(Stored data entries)
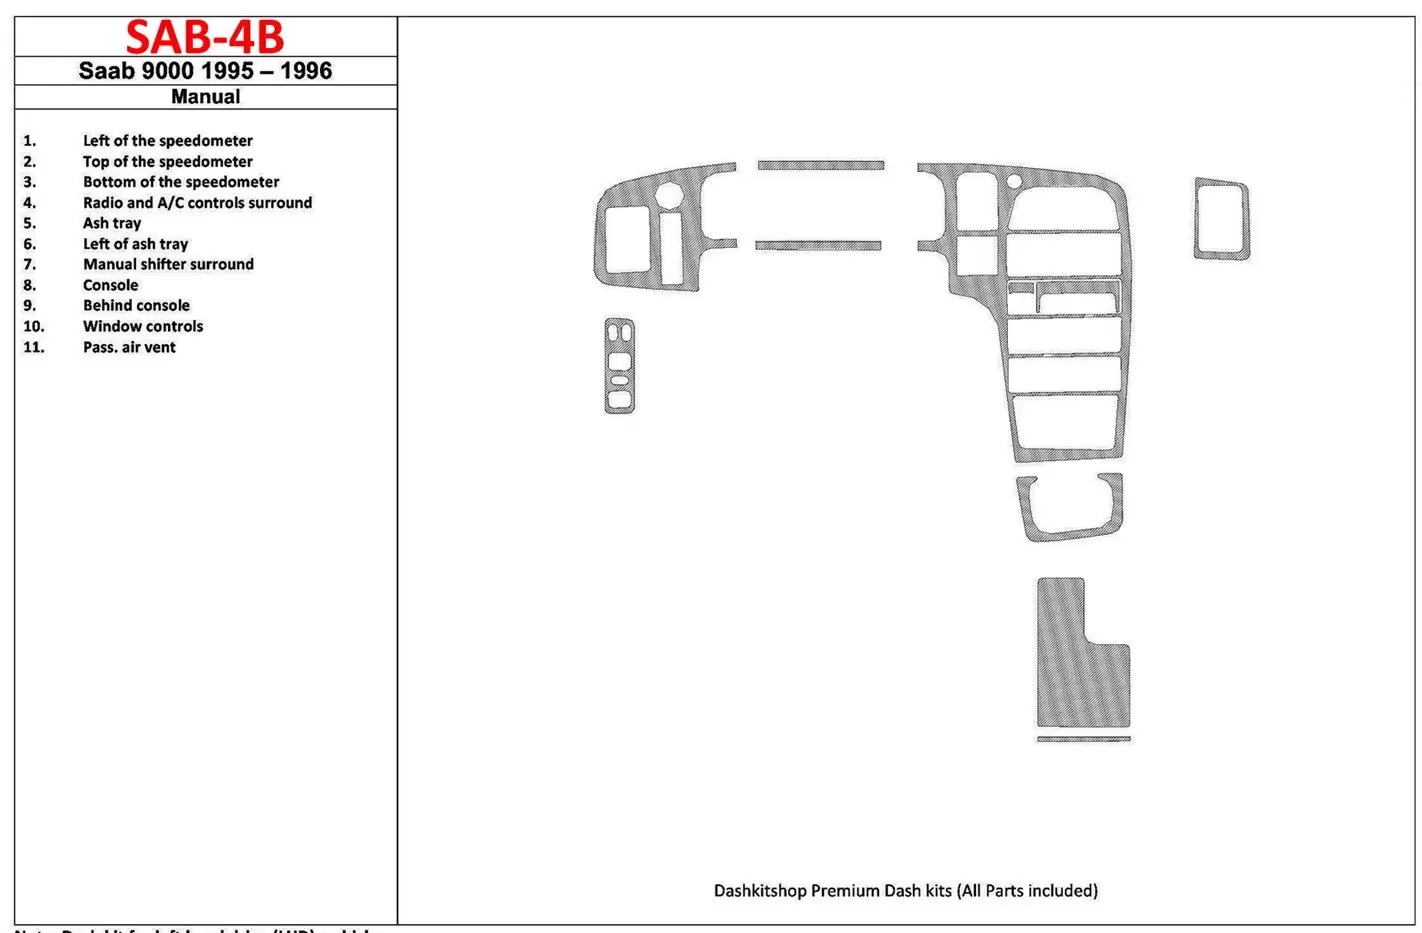 Saab 9000 1995-1996 Manual Gearbox, 11 Parts set Cruscotto BD Rivestimenti interni
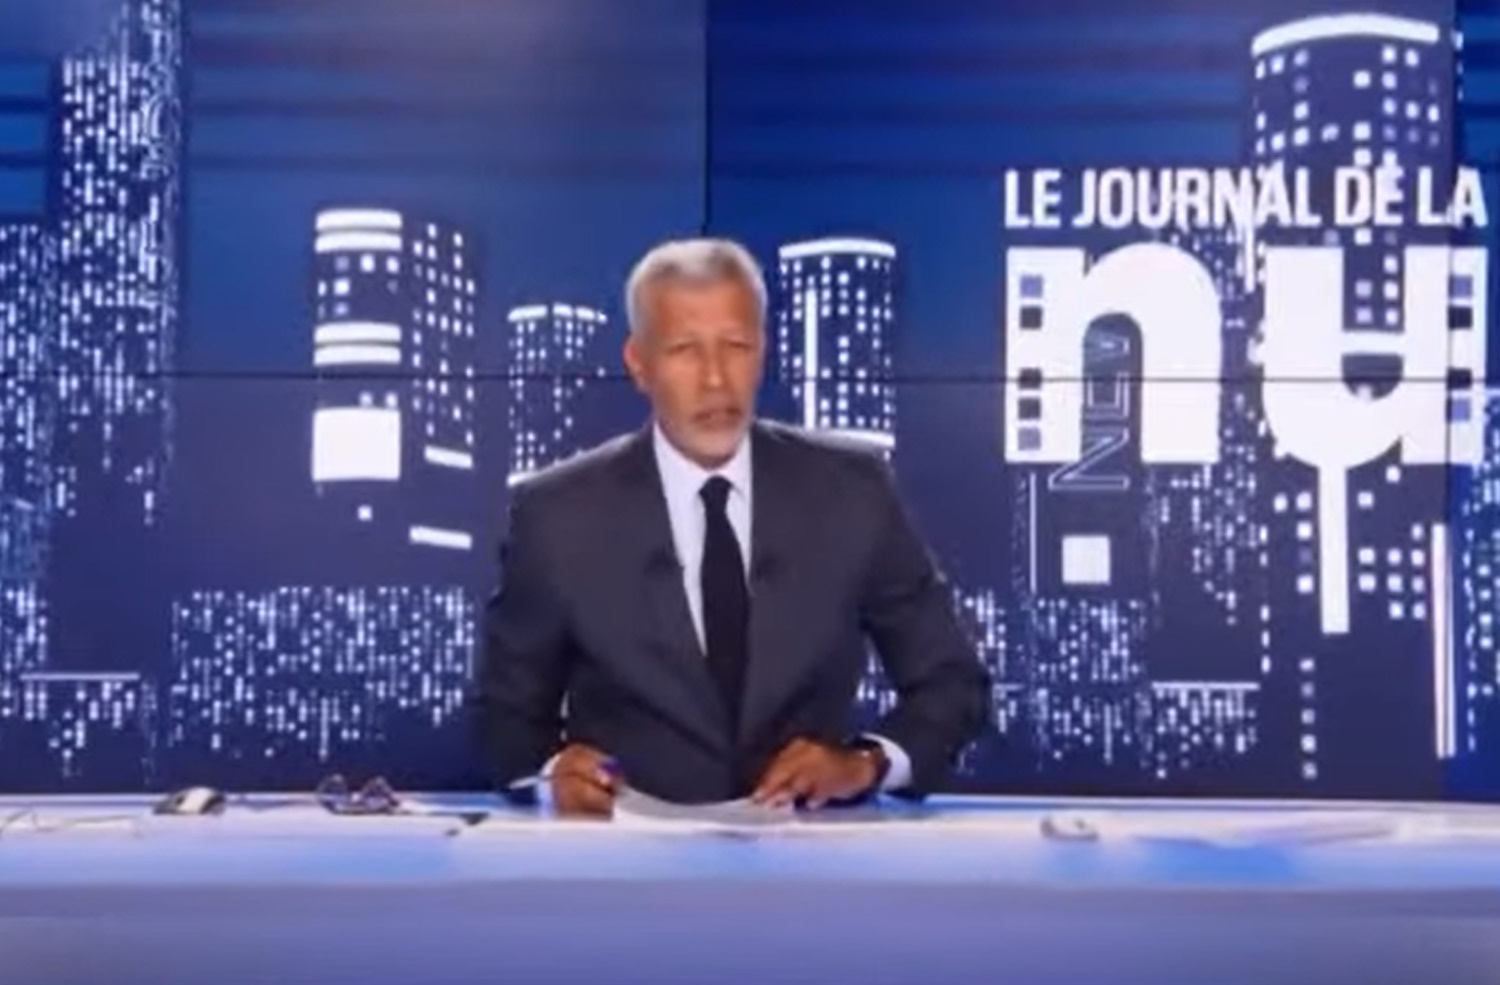 Γαλλία: Το BFMTV απέλυσε δημοσιογράφο μετά από έρευνα ότι αναμειγνύονται ξένες δυνάμεις
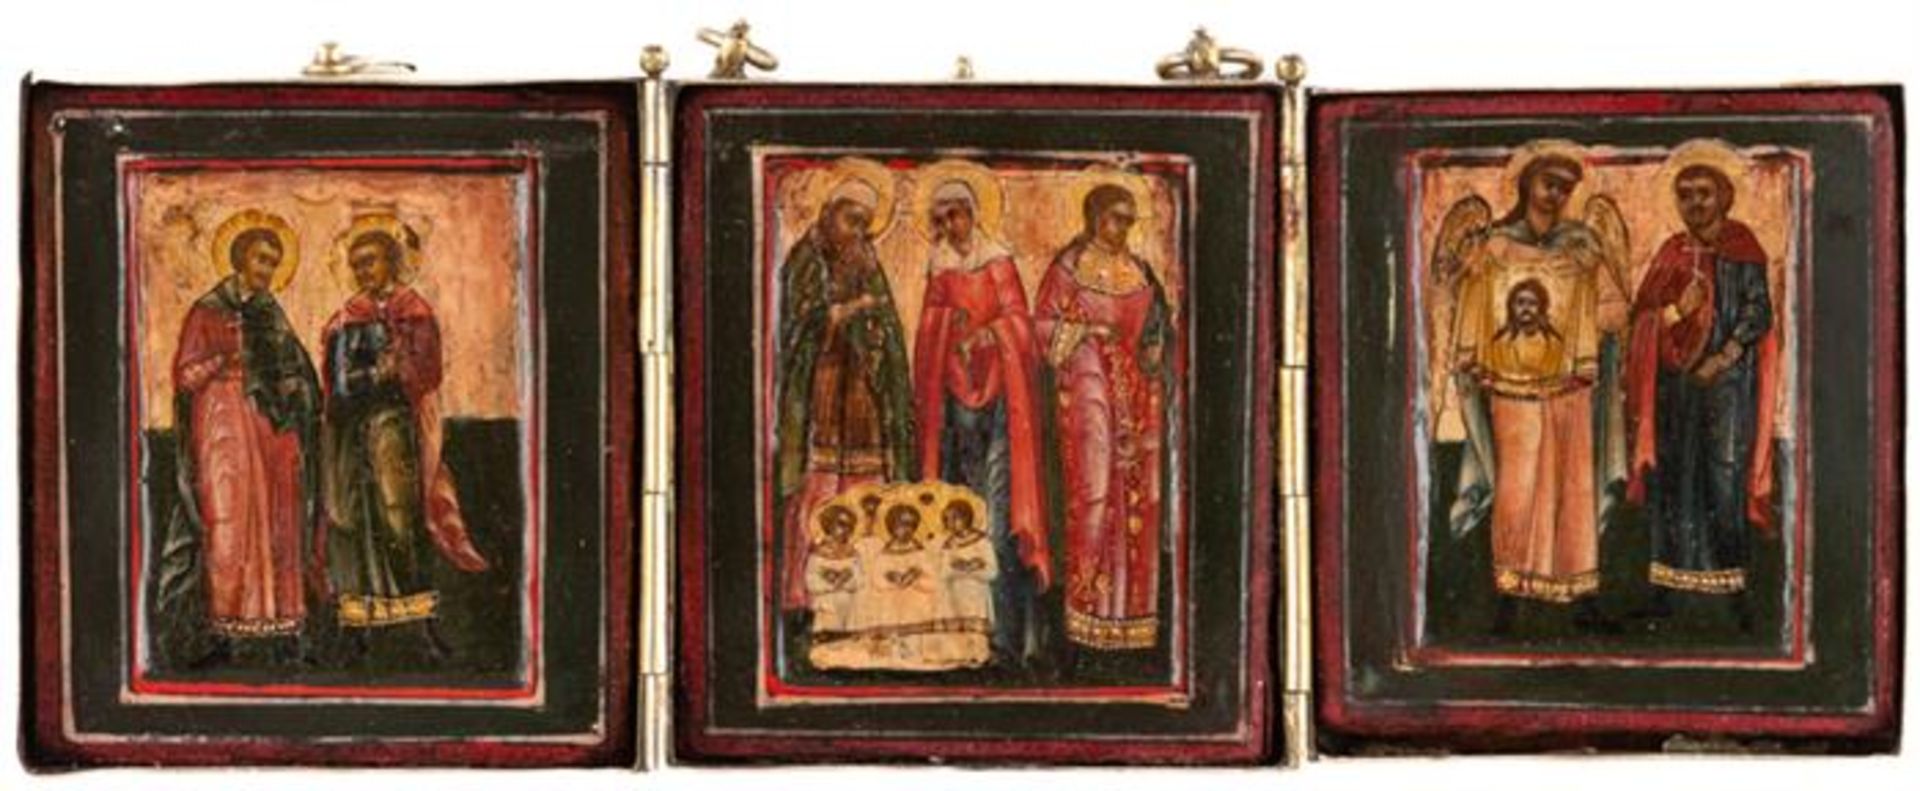 HEILIGE, russisches Triptychon, 19./20. Jh.
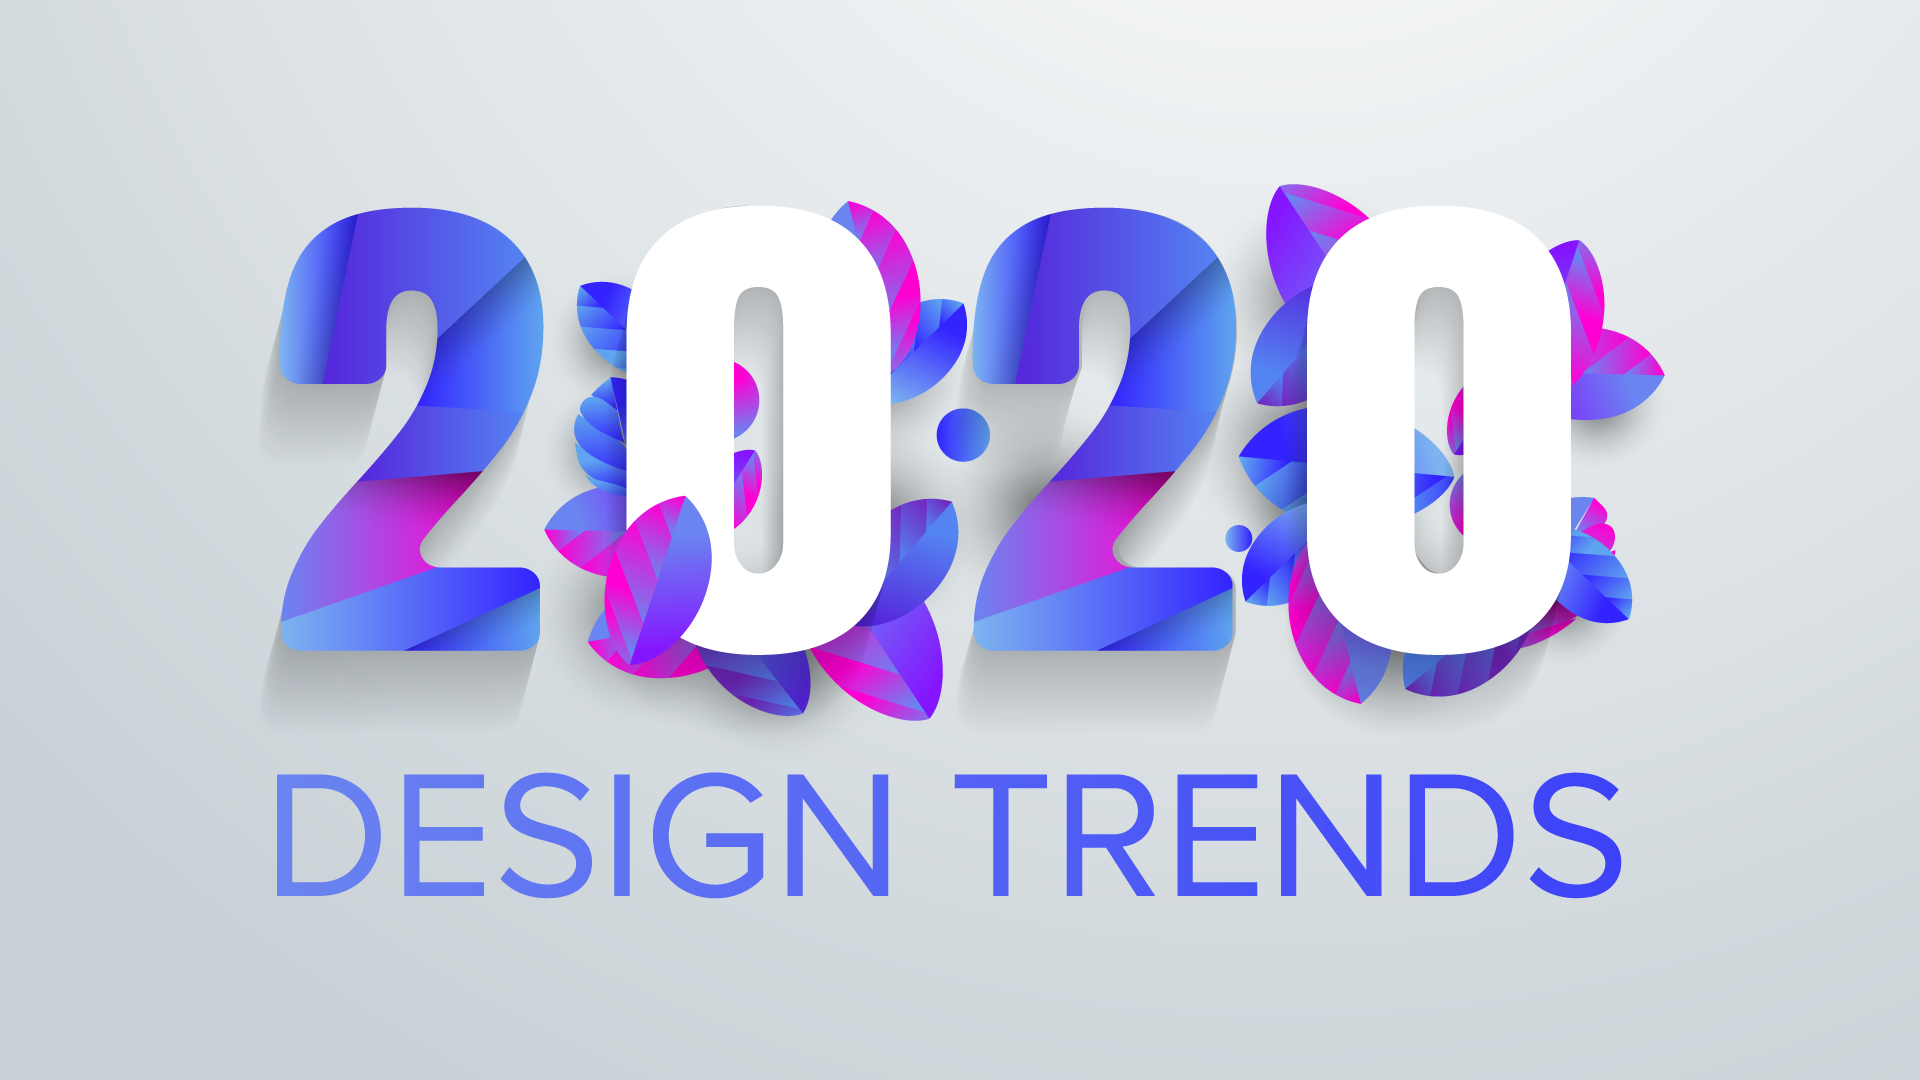 Design Trends 2020 floral 
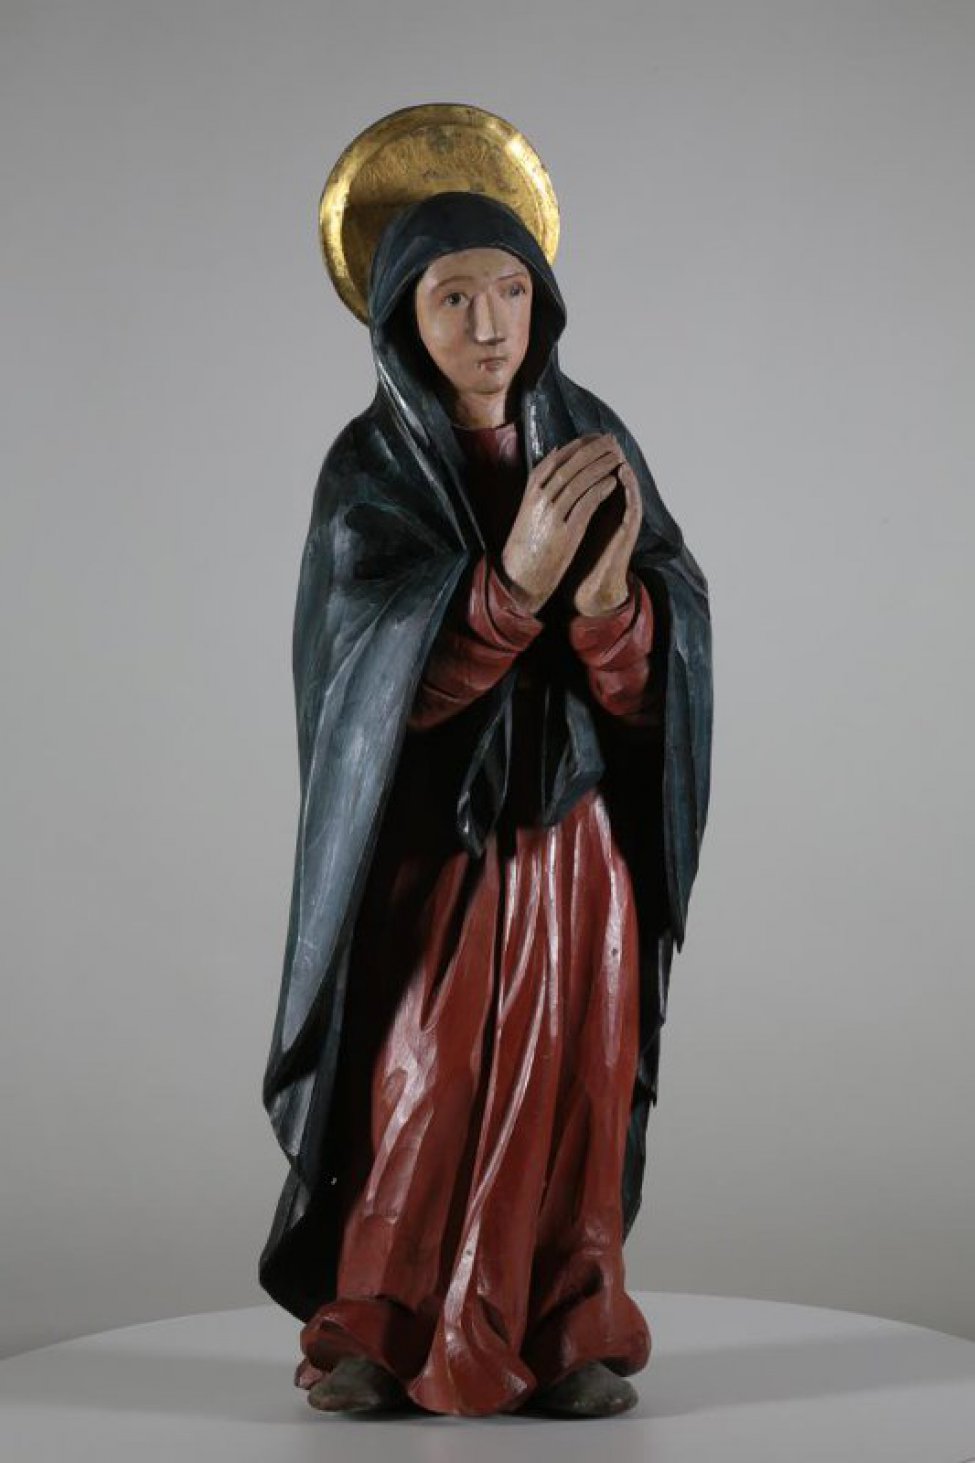 Изображена со сложенными руками и направленными влево, к кресту. На ней красный гиматий и синий хитон.

WHAT IS BEING ASKED →
Reproduce precisely the lines of the entries above, from the one containing "Γαλλία: Το BFMTV" through the final one, both ends included, and omit the pictures.

SOLVED PROBLEM →
 Γαλλία: Το BFMTV απέλυσε δημοσιογράφο μετά από έρευνα ότι αναμειγνύονται ξένες δυνάμεις
 HEILIGE, russisches Triptychon, 19./20. Jh.
 Design Trends 2020 floral 
 Изображена со сложенными руками и направленными влево, к кресту. На ней красный гиматий и синий хитон.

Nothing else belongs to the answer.